In Tuscany, Italy, where St Catherine of Siena (1347 – 1380) was born, I saw miles and miles of vineyards, but they were not divided: all were one vast plantation of vines. The neighbours know, apparently, where one ends and another begins. St Catherine used this as an image of how we should be with others: we are ourselves, yes, we have our own space, but we are not divided from others. This seems a perfect arrangement, a perfect image of harmony. “Each one of you,” she wrote, “has your own vineyard. But everyone is joined to your neighbours’ vineyards without any dividing lines. They are so joined together that you cannot do good or evil for yourself without doing the same for your neighbours.”
But today’s Gospel story is from a world that divided property jealously: that is why the story is about violence and murder. Whenever I bar people from my life I am subscribing to the formula for violence; it is a kind of ethnic cleansing on a small scale. In the parable the tenants ended by killing the son.
Yes, there is a sense in which I am my neighbour. If I exclude someone from my life I am excluding myself from full humanity. But the image of vine has an even more startling thing to show us: “I am the vine, you are the branches,” Jesus said (John 15:5). But the vine is the branches! Unlike other trees where you can distinguish clearly between trunk and branches, the vine is just all branches! “I am the vine and you are the branches”: the vine is the branches! Jesus is more than just a neighbour who makes no distinction between what is his and what is yours. In a real sense he is you, and he is also your neighbour. To banish your neighbour from your life is to banish him, and even to banish yourself. To lop off a branch is to lop off Christ.
A lawyer stood up to test Jesus. "Teacher," he said, "what must I do to inherit eternal life?" He said to him, "What is written in the law?
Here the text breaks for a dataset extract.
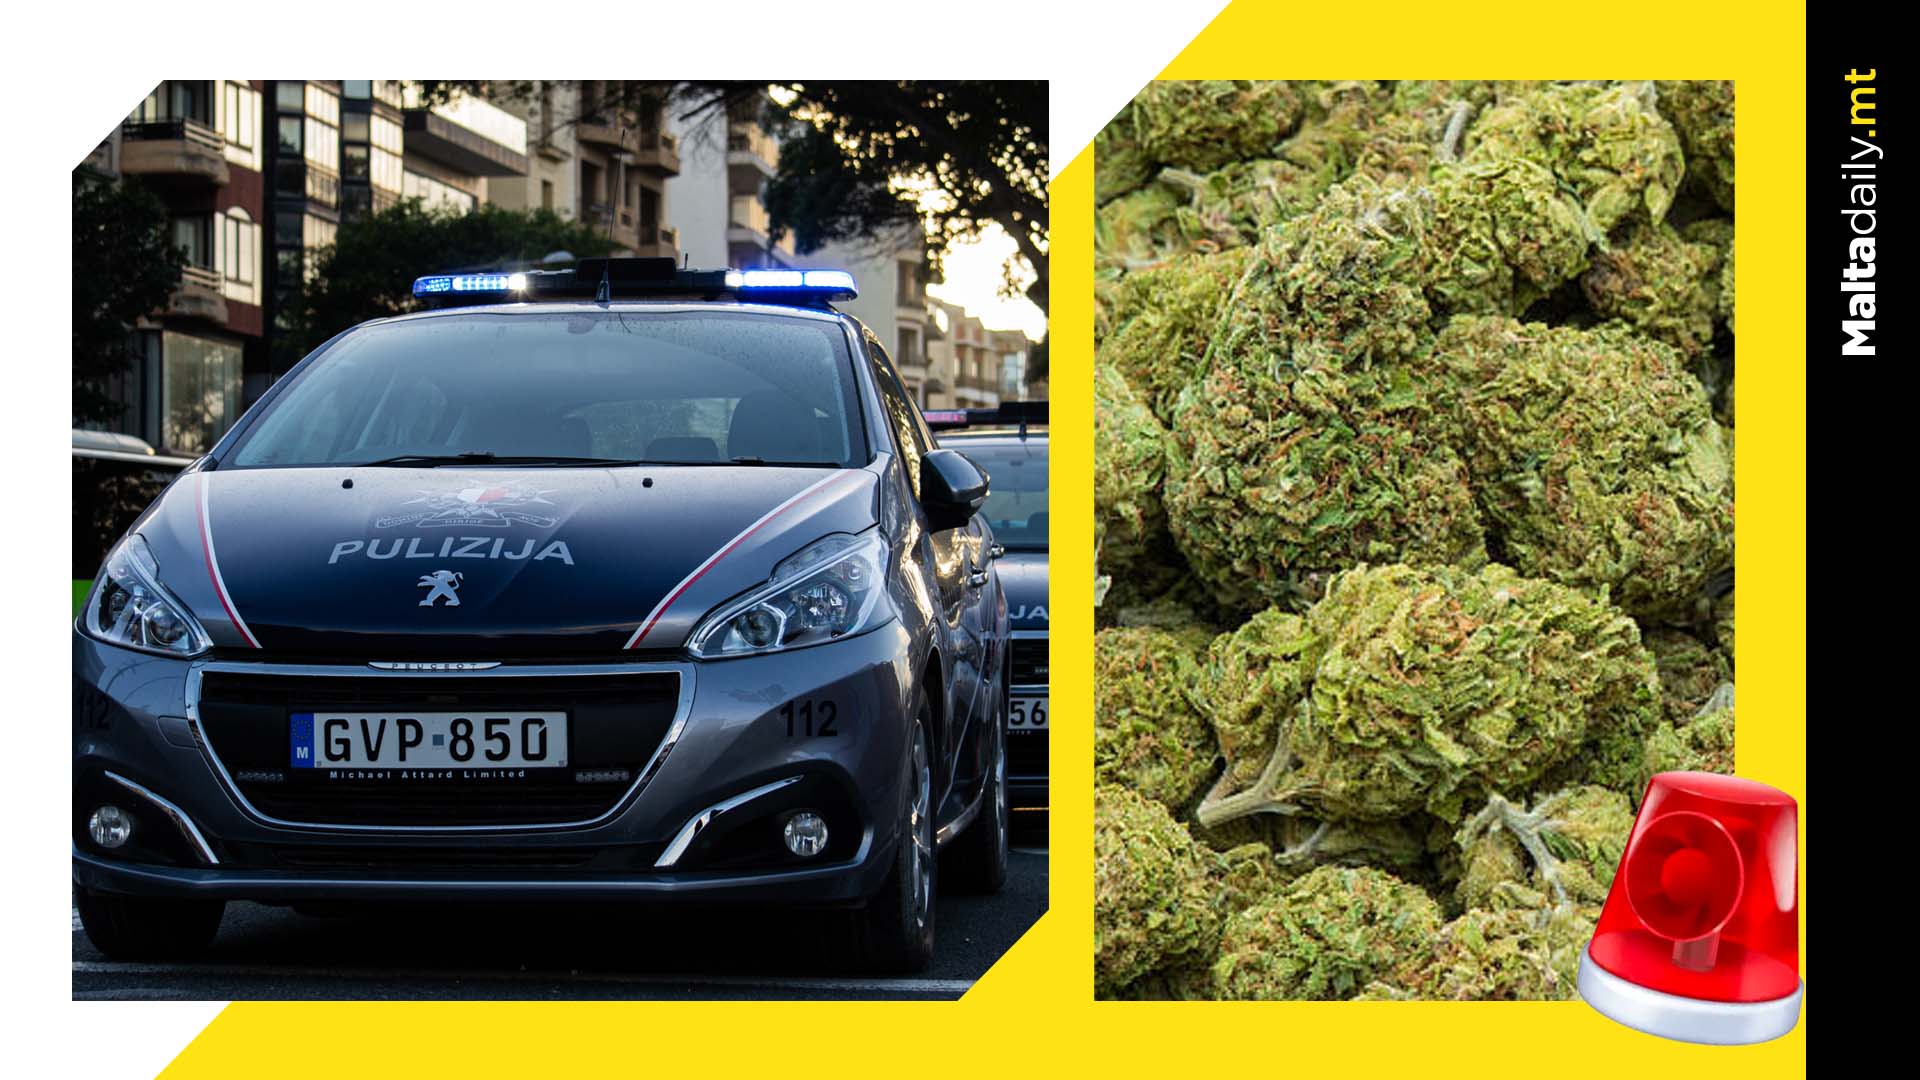 Police chase bailed out 27 year old to find 3 kilos of cannabis
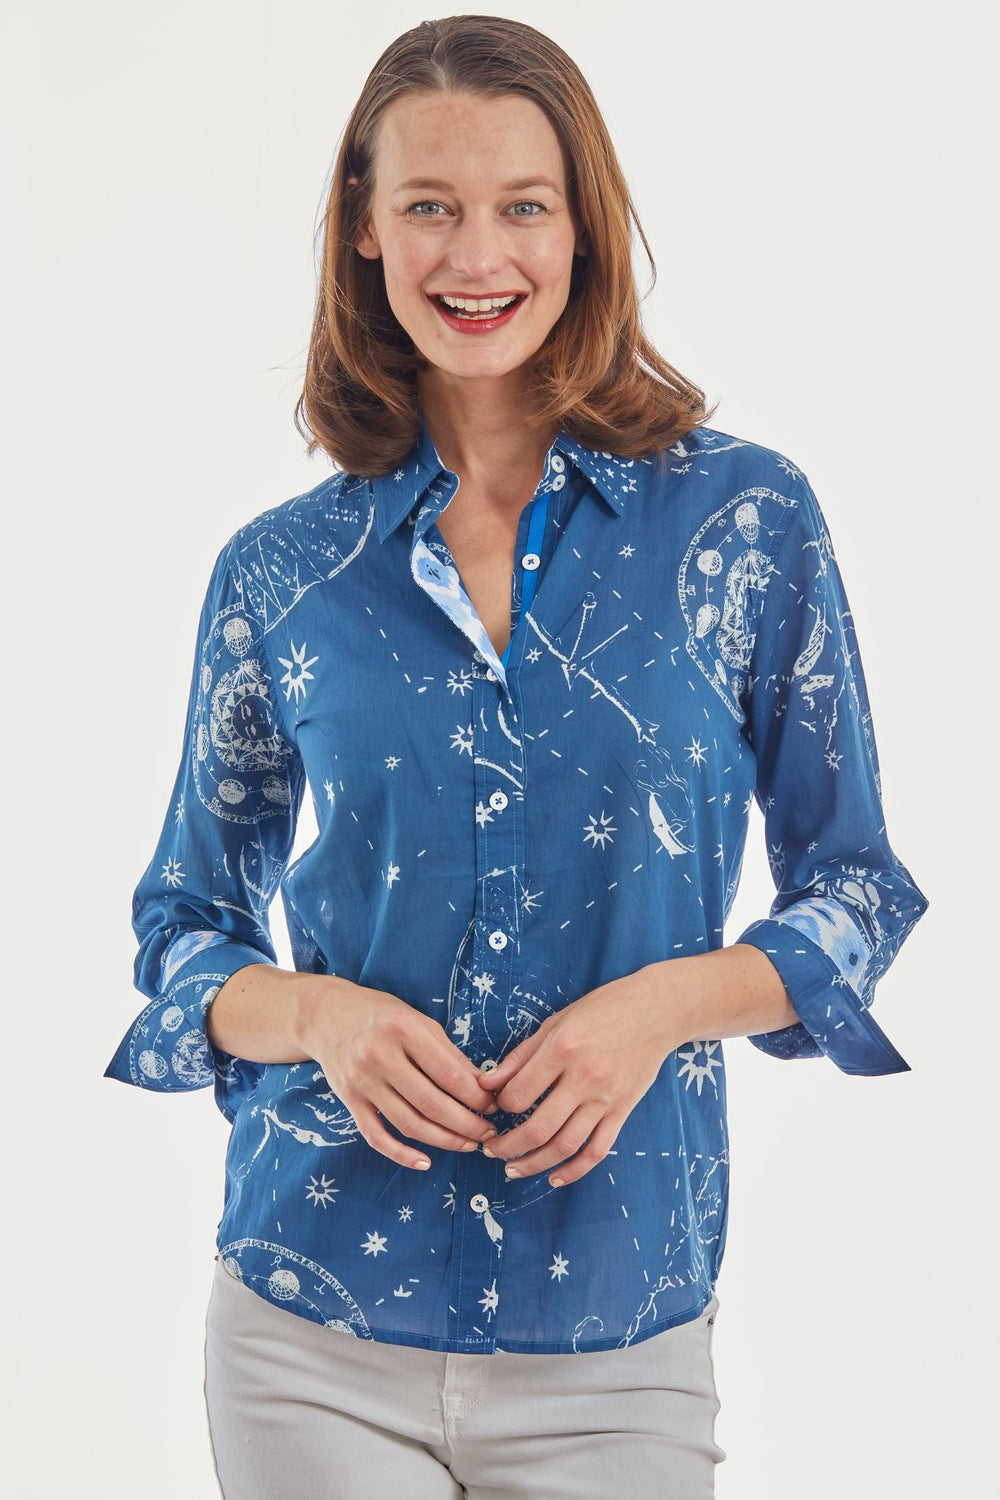 Dizzy-Lizzie Rome Shirt With 3/4 Sleeves - Navy Constellation Print

What do you read there?" He answered, "You shall love the Lord your God with all your heart, and with all your soul, and with all your strength, and with all your mind; and your neighbour as yourself." And he said to him, "You have given the right answer; do this, and you will live." But wanting to justify himself, he asked Jesus, "And who is my neighbour?"
Jesus replied, "A man was going down from Jerusalem to Jericho, and fell into the hands of robbers, who stripped him, beat him, and went away, leaving him half dead. Now by chance a priest was going down that road; and when he saw him, he passed by on the other side. So likewise a Levite, when he came to the place and saw him, passed by on the other side. But a Samaritan while travelling came near him; and when he saw him, he was moved with pity. He went to him and bandaged his wounds, having poured oil and wine on them. Then he put him on his own animal, brought him to an inn, and took care of him. The next day he took out two denarii, gave them to the innkeeper, and said, 'Take care of him; and when I come back, I will repay you whatever more you spend.'
Which of these three, do you think, was a neighbour to the man who fell into the hands of the robbers?" He said, "The one who showed him mercy." Jesus said to him, "Go and do likewise."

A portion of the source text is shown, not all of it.